• 27/07/2024

Home loan slide an early sign that APRA limits may be working

ABC News – 10 July, 2015

By Michael Janda

http://www.abc.net.au/news/2015-07-10/home-loan-slide-an-early-sign-that-apra-limits-working/6610374?section=business

The latest official figures reveal the biggest monthly fall in home lending since 2009 in an early sign that measures to tighten loan standards might be working.

The Bureau of Statistics housing finance data for May show a 4.4 per cent fall in the total value of new loans issued, which UBS said is a 4.6 per cent slide when refinancing is excluded.

That puts the year-on-year growth just below 9 per cent, a large slowdown from a very strong 14.1 per cent previously.

UBS said this makes the trend for home loan approvals flat so far this year, versus 12 per cent growth in 2014 and a 28 per cent boom over 2013.

As home loan approvals tend to lead purchases, UBS said these figures are an early sign that price growth in the nation’s booming markets may also soon start to ease.

The data raises the prospect that the Australian Prudential Regulation Authority’s (APRA) attempts to cap investor lending growth to less than 10 per cent, and improve general home loan standards, may be working.

“The sharp fall in finance approvals in May reflects both the clear softening in buyer sentiment across owner-occupier segments since mid-2014 and the ‘macroprudential’ measures aimed at containing investor lending,” noted Westpac senior economist Matthew Hassan.

APRA appeared to have ramped up its pressure on banks in May after initial action in December seemed to be largely ignored by most banks.

However, despite the banking regulator’s particular focus on investment lending, it was the number of new loans to owner-occupiers that suffered the greatest decline in May, falling 6.1 per cent, or 8.2 per cent excluding refinancing.

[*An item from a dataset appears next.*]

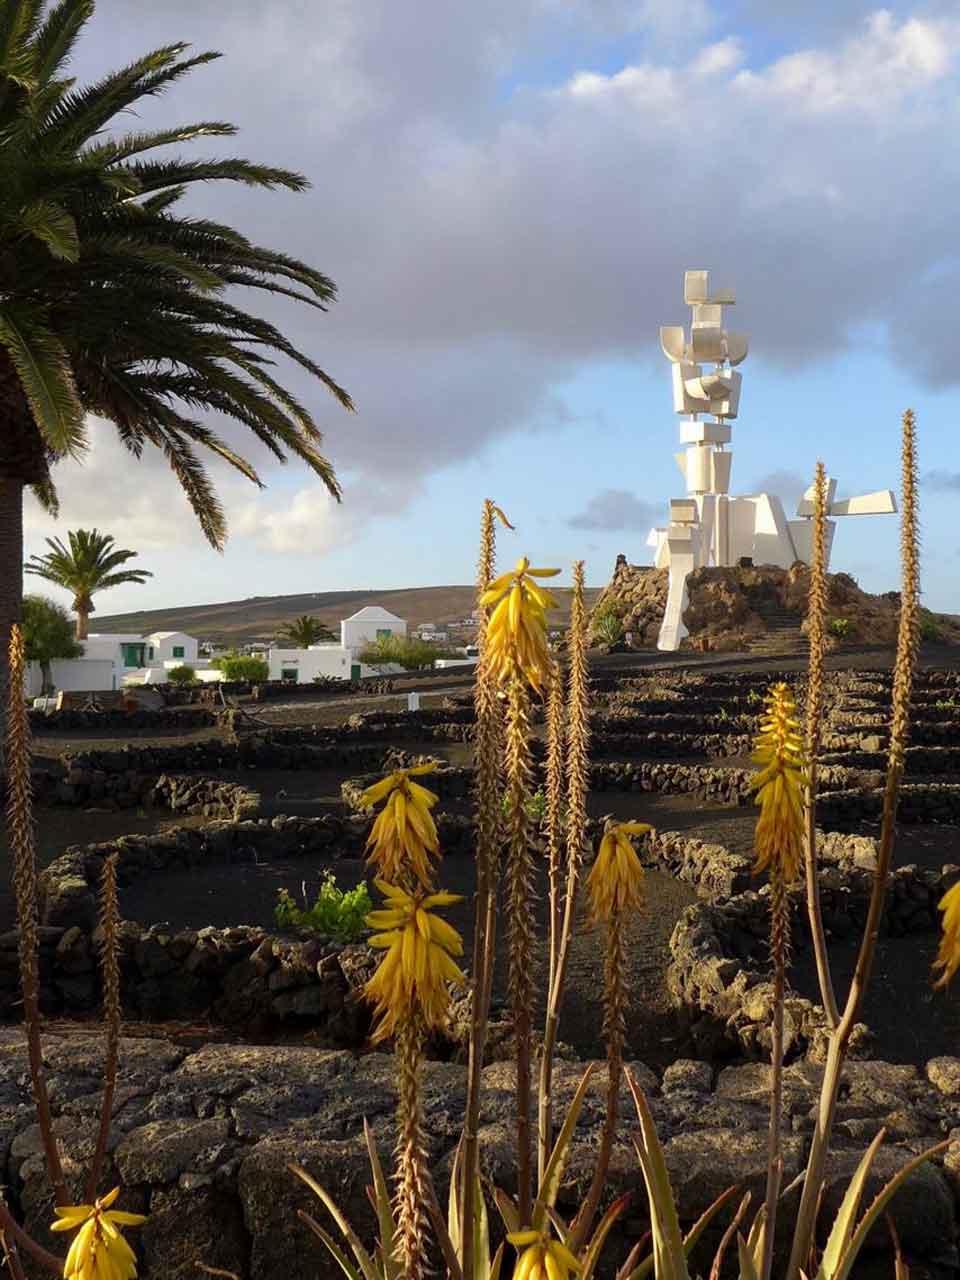 Casa Museo del Campesino Manriques 'Monumento al Campesino'

Meanwhile, the value of investment lending fell a more moderate 3.2 per cent in the month, and is still up 19.4 per cent over the past year.

The proportion of first home buyers in the market remained historically low at just 15.9 per cent of all owner-occupier buyers.

UBS said, when investors are factored into the market, the first home owner share of loans remains around an 11-year low of 9.2 per cent.